# CHECK IT OUT!!!



## chafalota (Oct 17, 2010)

Someone suggested some soap molds,so I decided to try them and they're great!!!  Their called "NO LINER SOAP MOLDS" this is the webstore:www.http://cgi.ebay.com/soapmolds the man's name is Richard,360-910-1976 or 1877-890-0267.  They don't have rounded corners,unmold easily and easy to clean up.


----------



## babygirl (Oct 17, 2010)

can you repost the address please?


----------



## Deda (Oct 17, 2010)

I've always heard that MrDoRight Molds warp quickly, I hope you have better luck than others who have bought those molds.


----------



## chafalota (Oct 18, 2010)

Look on e-bay under "No Liner Soap Molds" and his store should come up.  He has alot of pictures you can see.  He gave me real good service.


----------



## Sunny (Oct 22, 2010)

Deda said:
			
		

> I've always heard that MrDoRight Molds warp quickly, I hope you have better luck than others who have bought those molds.



Same. Those are a lot of money to have warp.

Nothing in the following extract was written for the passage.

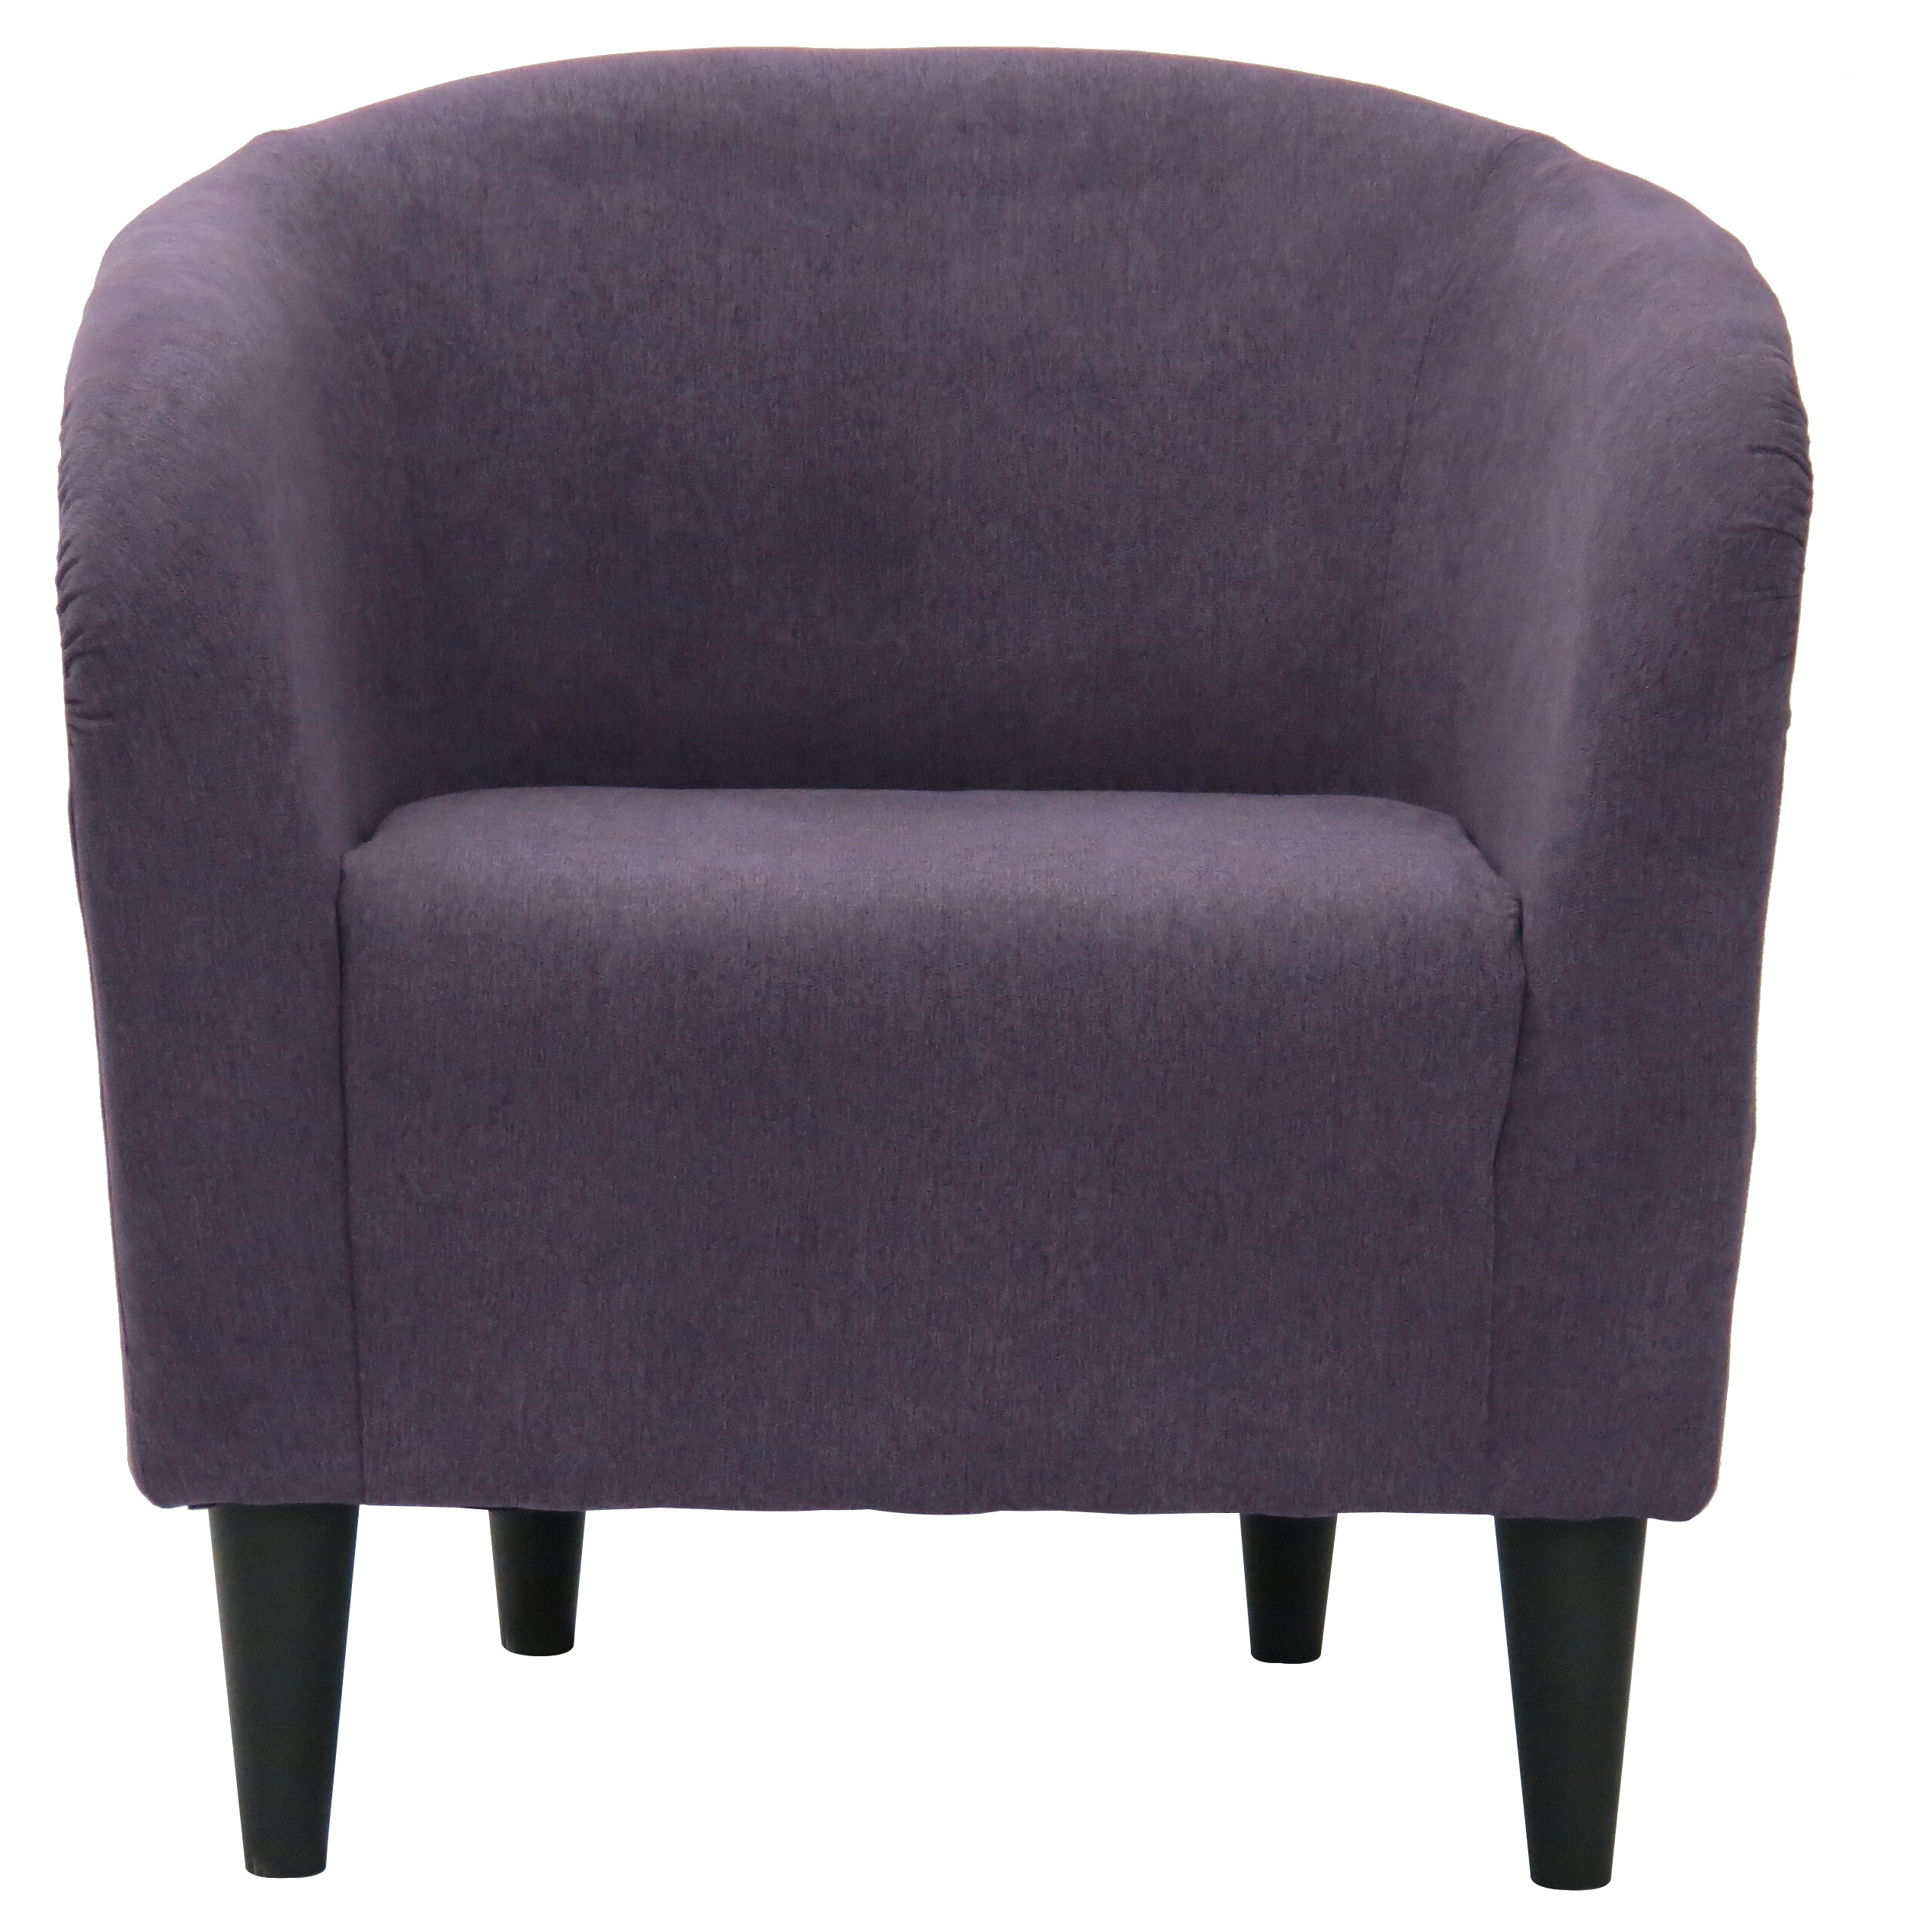 Willa Arlo Interiors Hana Barrel Chair For Preferred Ziaa Barrel Chairs (View 19 of 20)

And I messaged him months ago asking if they would warp, I had heard from someone that they did warp, and I wanted to be able to get my money back if they did. He was instantly upset and wanted to know who I got the information from. I told him my info was from a forum.
The basic information I got from him (in all caps) was that I would not get my money back because if I used them properly then they wouldn't warp. hah.


----------



## carebear (Oct 22, 2010)

they warp with CP soap (MY experience).  don't know if they would with MP soap, though.


----------